- From: Benjamin Nowack <bnowack@semsol.com>
- Date: Wed, 5 Aug 2009 13:26:43 +0200
- To: Andreas Langegger <al@jku.at>
- Cc: public-rdf-dawg-comments@w3.org
Hi Andy,
Thanks for sharing the experience. Separating the service from the
dataset makes a lot of sense, I like that idea.
Cheers,
Benji
On 04.08.2009 22:39:38, Andreas Langegger wrote:
>## CONTINUED ##
>
>Hi Benji,
>
>argh, sorry, accidentially hit the send button before...
>
>On Jul 27, 2009, at 5:40 PM, Benjamin Nowack wrote:
>
>> Completing the endpoint description feature is still on my list for
>> ARC, what I've got so far WRT to Q1 is that the endpoint returns the
>> description directly at its URL when the accept header indicates RDF
>> as preferred result format and when no query parameter is sent. It was
>> pretty easy to implement and didn't require the invention of a syntax
>> extension or magic queries/graphs. If the header checker ranks HTML
>> over RDF, the usual input form is served.
>
>Sounds reasonable, that's the HTTP header approach.
>
>> I'm not so sure about using a special DESCRIBE as a basis as it would
>> require squeezing the endpoint description feature into the query
>> processor instead of being able to directly catch the description
>> request at the endpoint level. It would be doable, though, and would
>> enable the non-HTTP access you mentioned. Messing with headers (as in
>> my approach) can be fragile.
>
>You're right, but I suggest to discuss this now in progress of SPARQL/
>Query 1.1 without taking into account implementation efforts in order
>to find the best approach in terms of architectural styles. I
>implemented DESCRIBE SELF and DESCRIBE DATASET in Joseki and will
>explain my findings. After some experiments, I came to the following
>conclusions:
>
>1. I advocate for a separation of service description and dataset
>description:
>
>The service description includes information such as supported query
>syntax, result formats, features such as fulltext search, entailment
>regimes, etc. and won't change in the short run as it depends on the
>implementation of the processor and SPARQL endpoint.
>
>The dataset description is only related to the data behind the
>endpoint, independent of the access interface. It will change more
>frequently, especially if it contains dc:subjects and detailed
>statistics.
>
>2. Differences between endpoint/dataset description for SPARQL
>endpoints and Linked Datasets:
>
>Although both use cases have much in common, differences exist in
>terms of resource discovery and the kind of meta data. While
>describing SPARQL endpoints is similar to describing Web services with
>WSDL, describing Linked Datasets is similar to content discovery
>(robots.txt => sitemap.xml => void:Dataset...). As explained in 1.)

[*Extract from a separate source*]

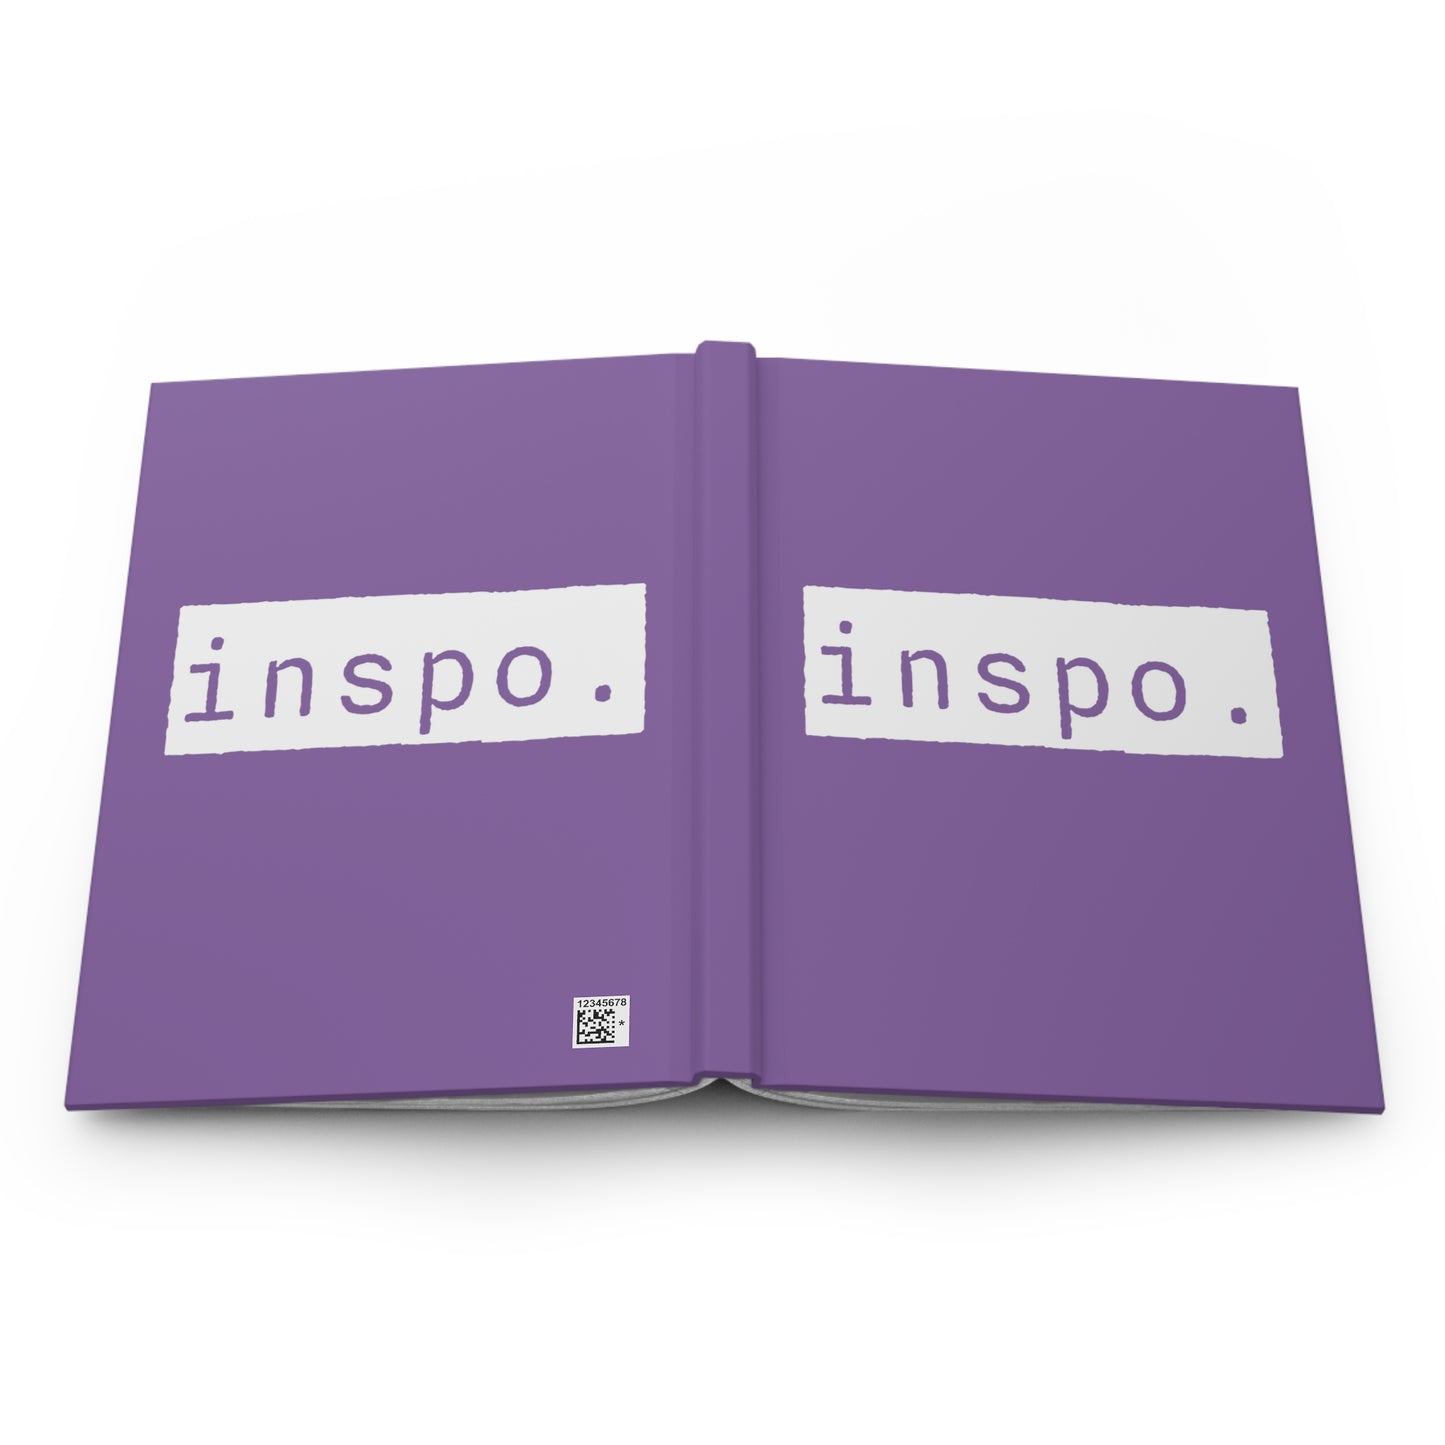 Inspo Inspiration Purple Matte Hardcover Journal | Blank Book for Notes | Lined Notebook Diary Idea Log

>SPARQL endpoints in addition have a technical service description,
>while Linked Datasets only have dataset descriptions (e.g. in voiD).
>Both use cases should be aligned though.
>
>3. Requirements that should be fulfilled:
>
>I. It should be possible to fetch SPARQL endpoint meta data via the
>endpoint itself and not via some "well-known" HTTP URI such as /
>robots.txt etc.
>II. It should be possible for clients to just look at the HTTP
>headers and status code and see if endpoint meta data have changed
>(Last-modified). This is especially important when low-level
>statistics are provided and periodically fetched by clients (we will
>provide more details in future in the context of federation).

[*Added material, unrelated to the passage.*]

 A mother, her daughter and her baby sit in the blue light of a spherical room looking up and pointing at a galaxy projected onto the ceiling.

>III. It should be possible to either completely fetch SPARQL endpoint
>and dataset description based on HTTP URI resolution or query it via
>the SPARQL endpoint (e.g. by supporting sub-queries in upcoming SPARQL/
>Query 1.1.)
>
>4. My proposal (which I've implemented in Joseki/ARQ):
>
>--------------------
>"DESCRIBE SELF" => returns SPARQL endpoint service description, e.g.:
>
><?xml version="1.0"?>
><rdf:RDF ...namespace declarations....>
> <sd:Service>
> <rdfs:label rdf:datatype="http://www.w3.org/2001/
>XMLSchema#string">Joseki SPARQL Endpoint</rdfs:label>
> <saddle:resultFormat rdf:parseType="Resource">
> <saddle:spec rdf:resource="http://www.w3.org/TR/rdf-sparql-json-res/
>"/>
> <saddle:mediaType rdf:datatype="http://www.w3.org/2001/XMLSchema#string
>">application/sparql-results+json</saddle:mediaType>
> <rdfs:label rdf:datatype="http://www.w3.org/2001/
>XMLSchema#string">SPARQL/JSON</rdfs:label>
> </saddle:resultFormat>
> <saddle:queryLanguage rdf:parseType="Resource">
> <saddle:spec rdf:resource="http://www.w3.org/TR/rdf-sparql-
>query/"/>
> <rdfs:label rdf:datatype="http://www.w3.org/2001/
>XMLSchema#string">SPARQL</rdfs:label>
> </saddle:queryLanguage>
><!-- LINK to the dataset-specific meta data in voiD -->
> <saddle:dataSet rdf:resource="http://midearth:8900/void"/>
>...
> </sd:Service>
></rdf:RDF>
>
>As explained in 1. only the service description is returned, but a
>resolvable URI for the dataset description is included.
>
>--------------------
>"DESCRIBE DATASET" => returns data set description in voiD and
>RDFStats, e.g.:
>
><?xml version="1.0"?>
><rdf:RDF
> xmlns:scovo="http://purl.org/NET/scovo#"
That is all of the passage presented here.